- DATASET EXTRACT:
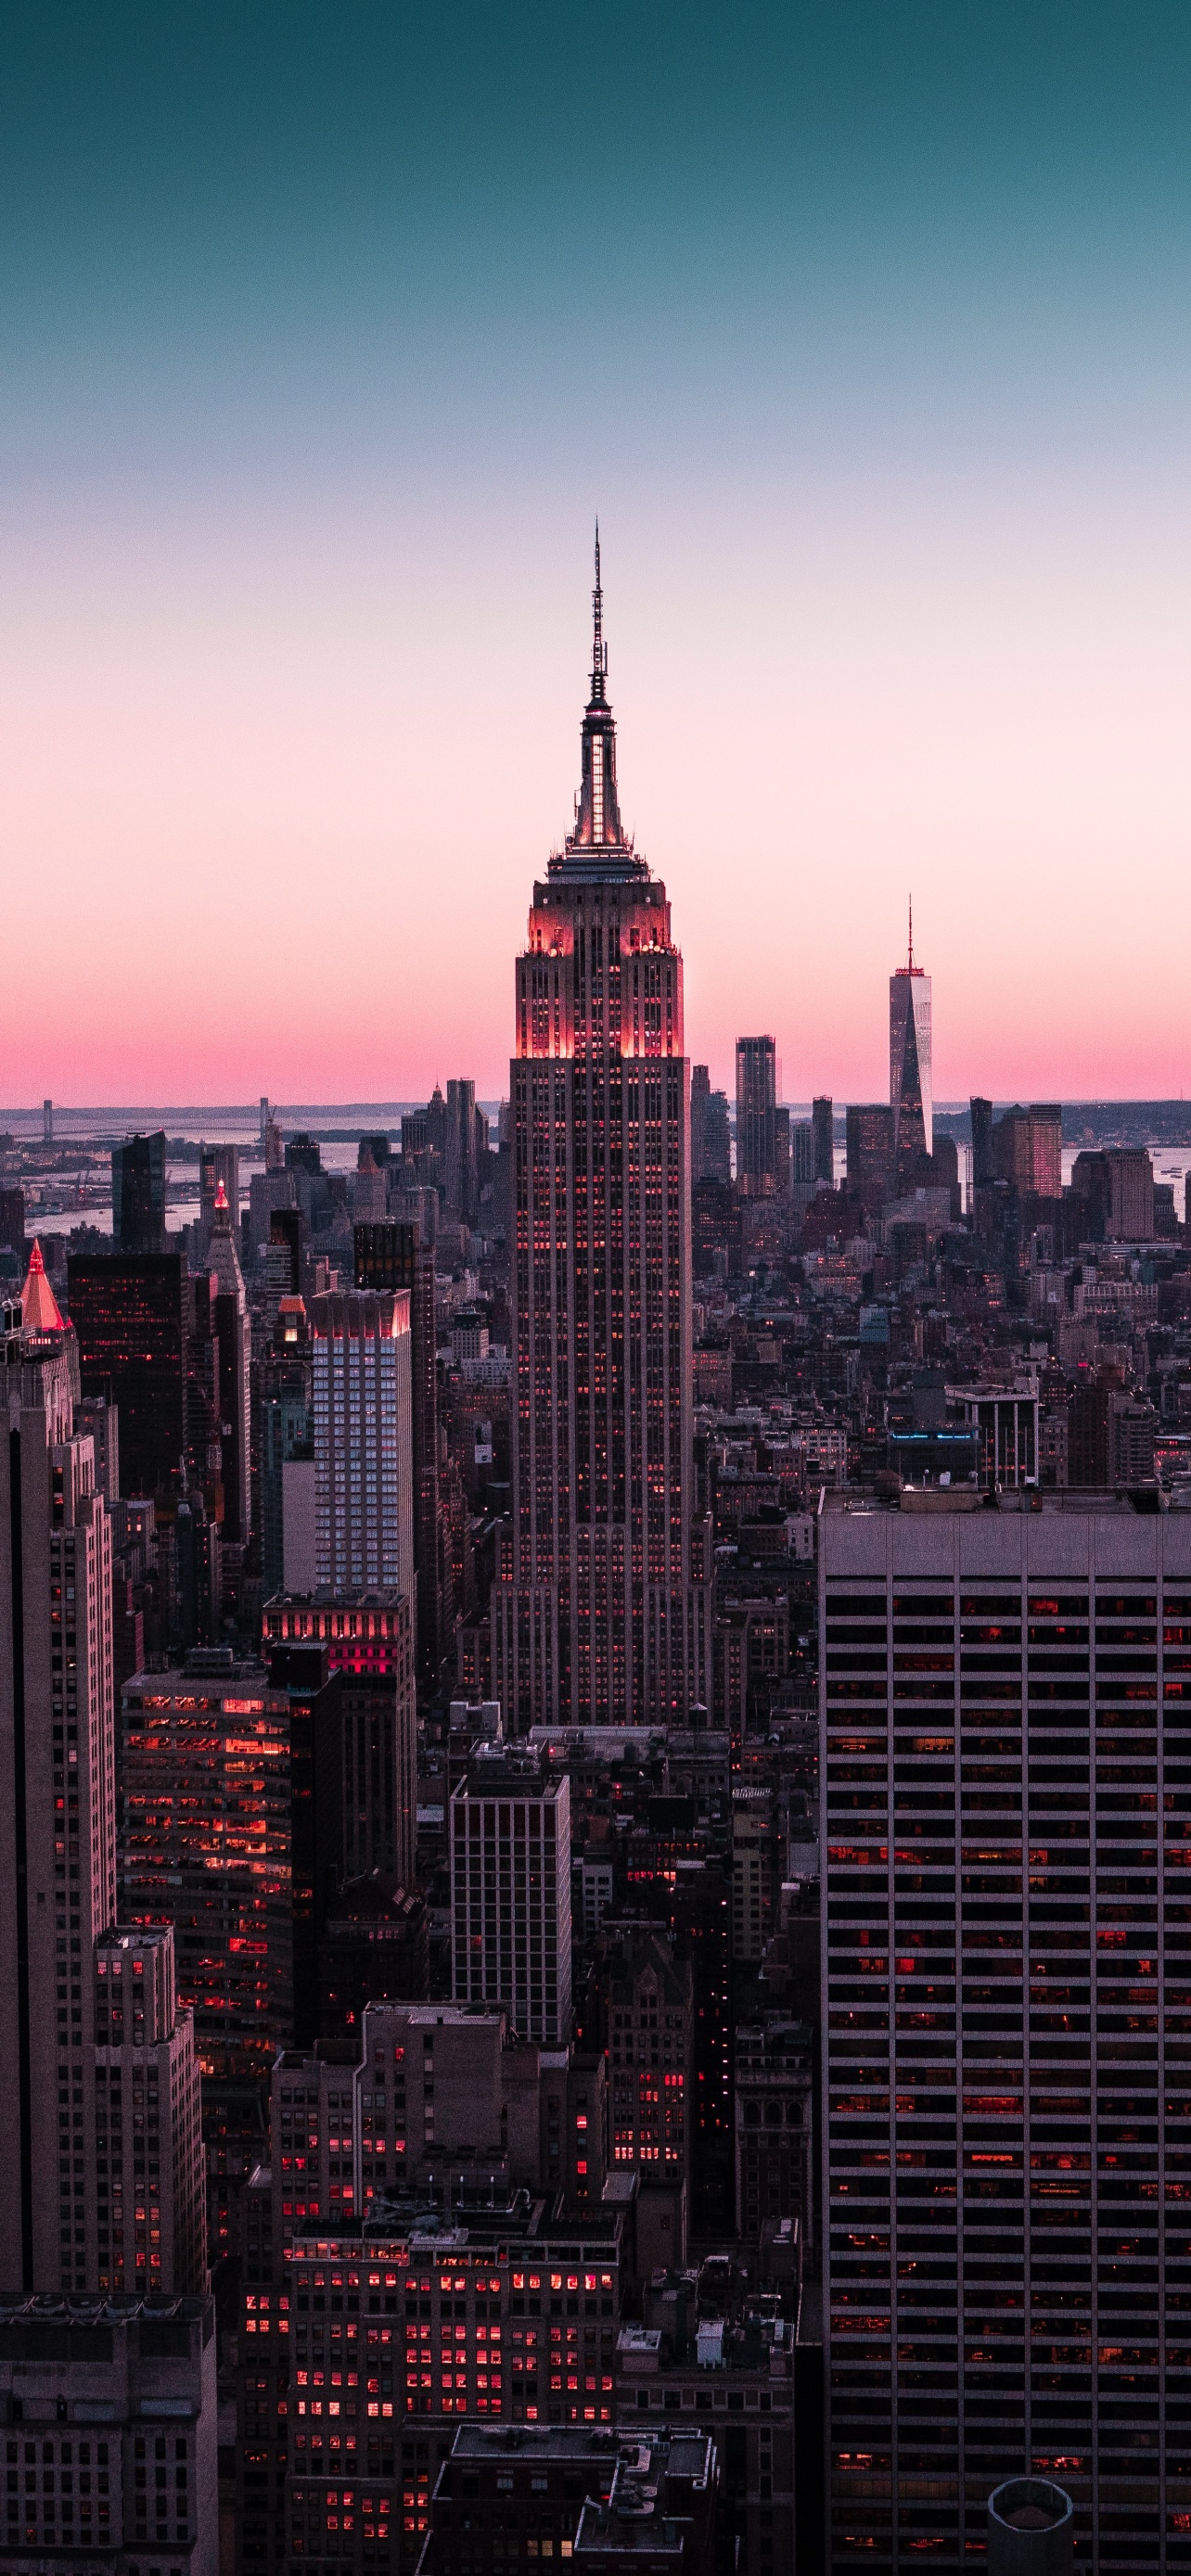 Download wallpaper 1125x2436 buildings skyscrapers city new york iphone  x 1125x2436 hd background 695
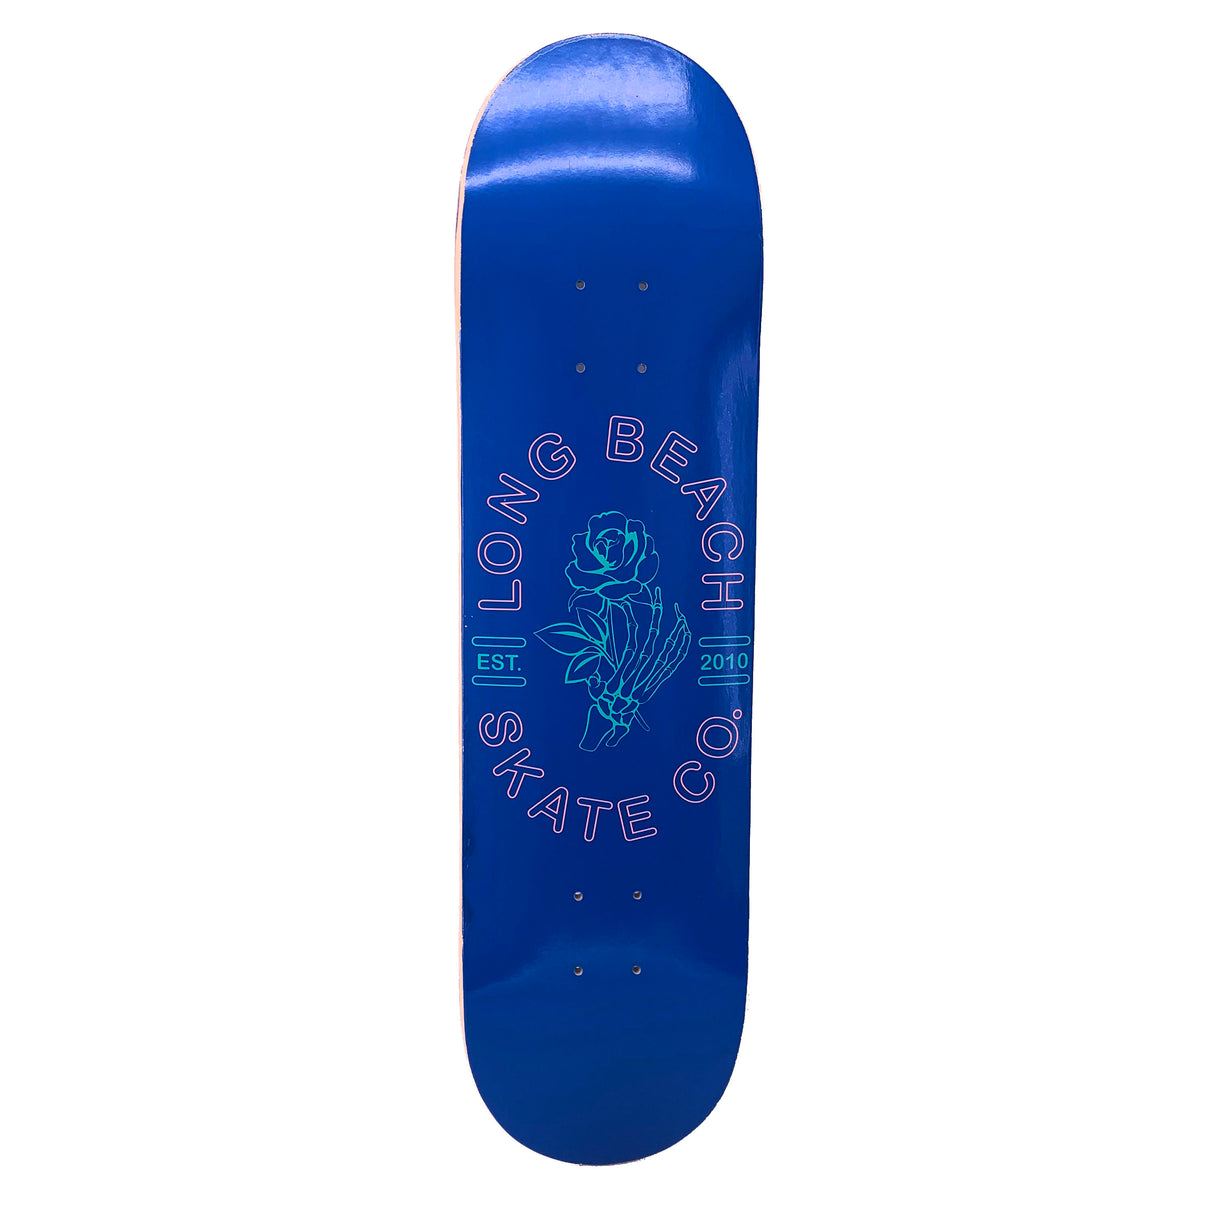 Long Beach Skate Co. "Rose In Hand" Navy Turquoise Pink 7.75" Skateboard Deck
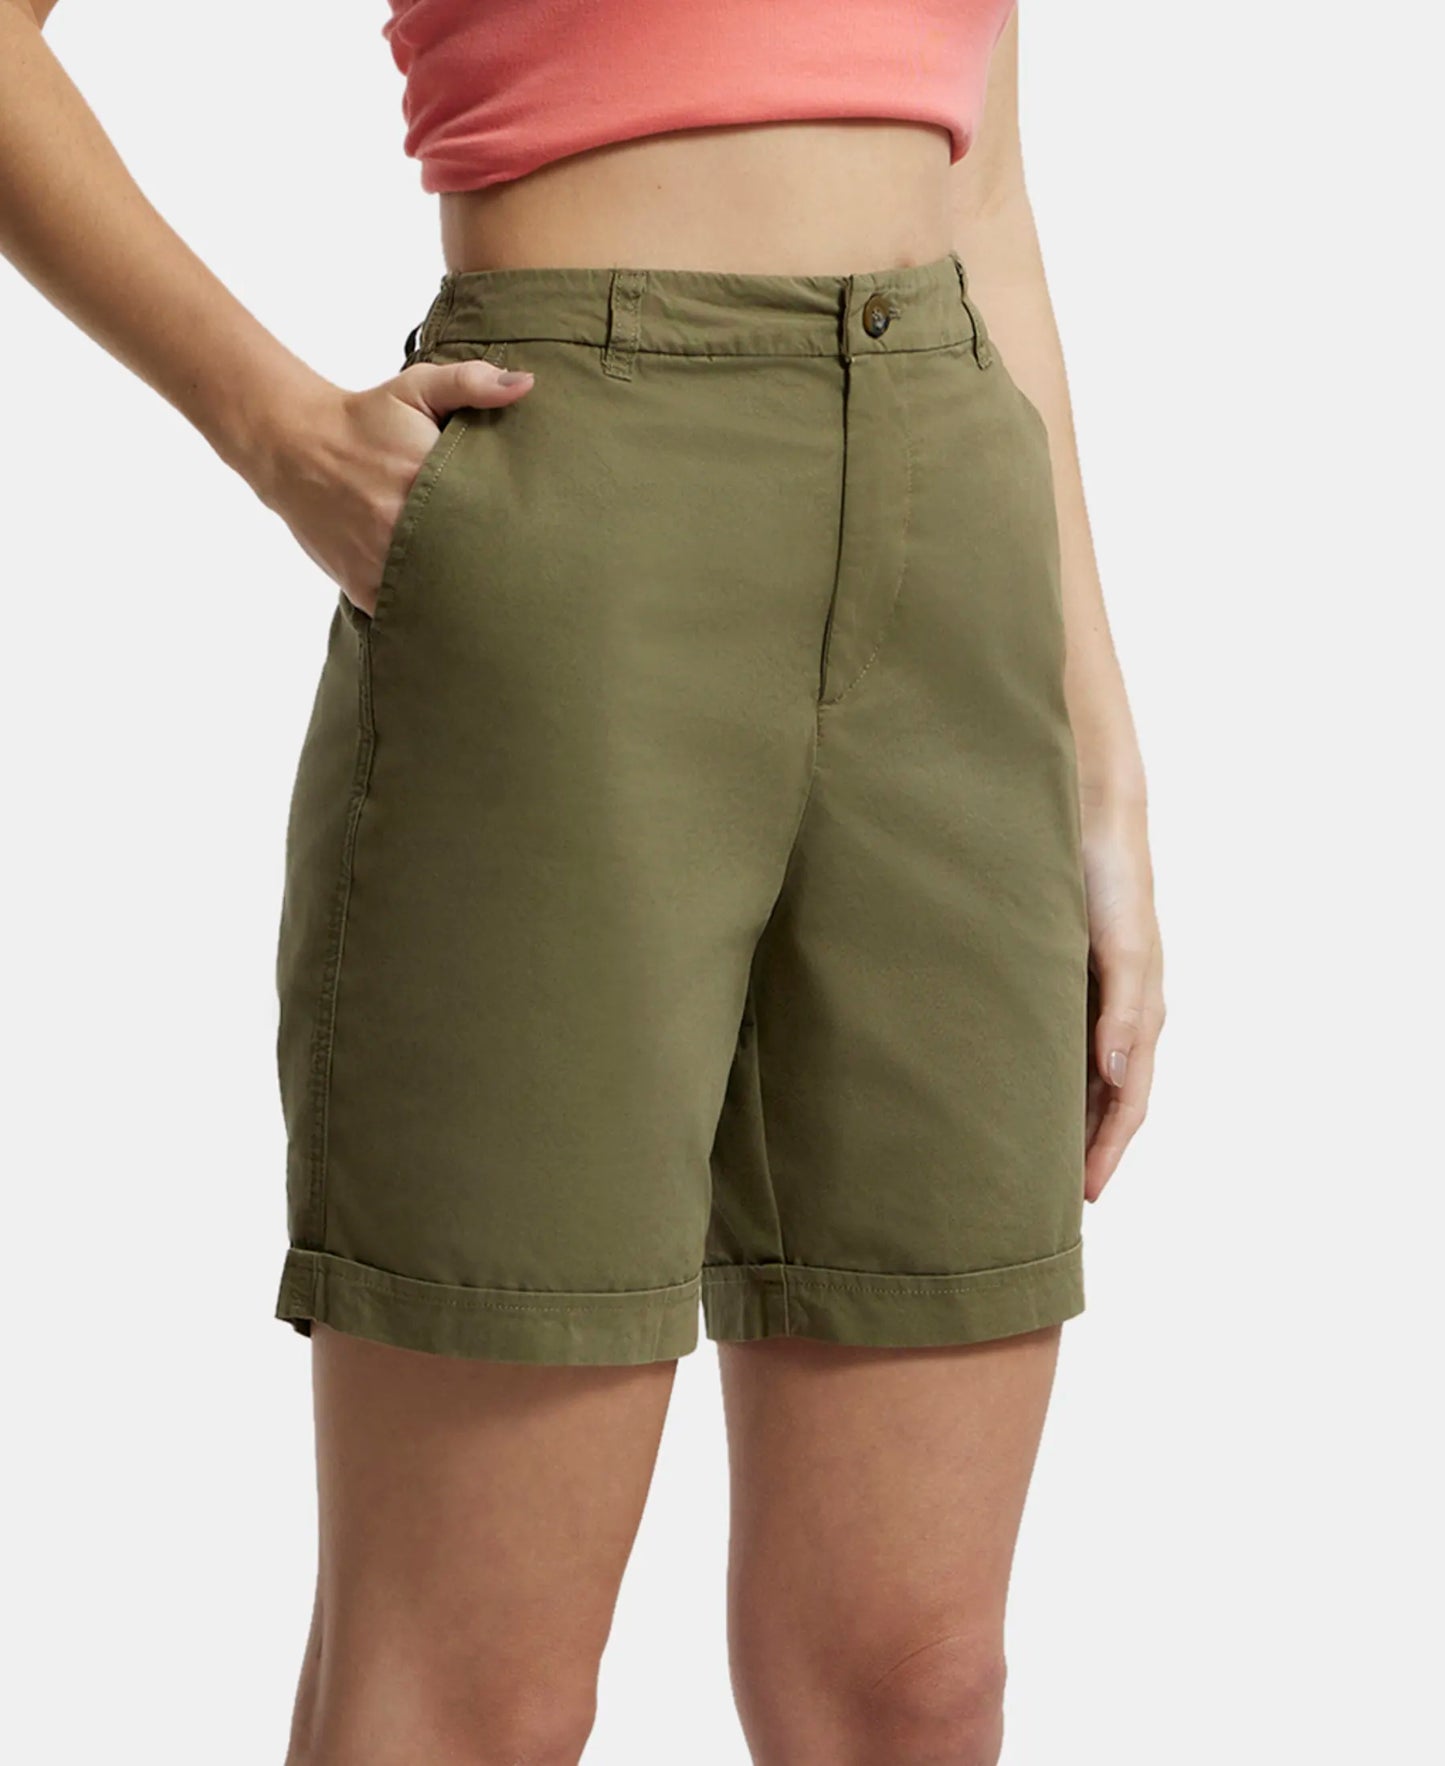 Super Combed Cotton Woven Twill Fabric Relaxed Fit Shorts with Convenient Side Pockets - Burnt Olive-2

- DIRECTIONS FOR THIS TASK: Give the data above again in full and unchanged, skipping the pictures.

- EXPECTED ANSWER:
 Download wallpaper 1125x2436 buildings skyscrapers city new york iphone  x 1125x2436 hd background 695
 Long Beach Skate Co. "Rose In Hand" Navy Turquoise Pink 7.75" Skateboard Deck
 Super Combed Cotton Woven Twill Fabric Relaxed Fit Shorts with Convenient Side Pockets - Burnt Olive-2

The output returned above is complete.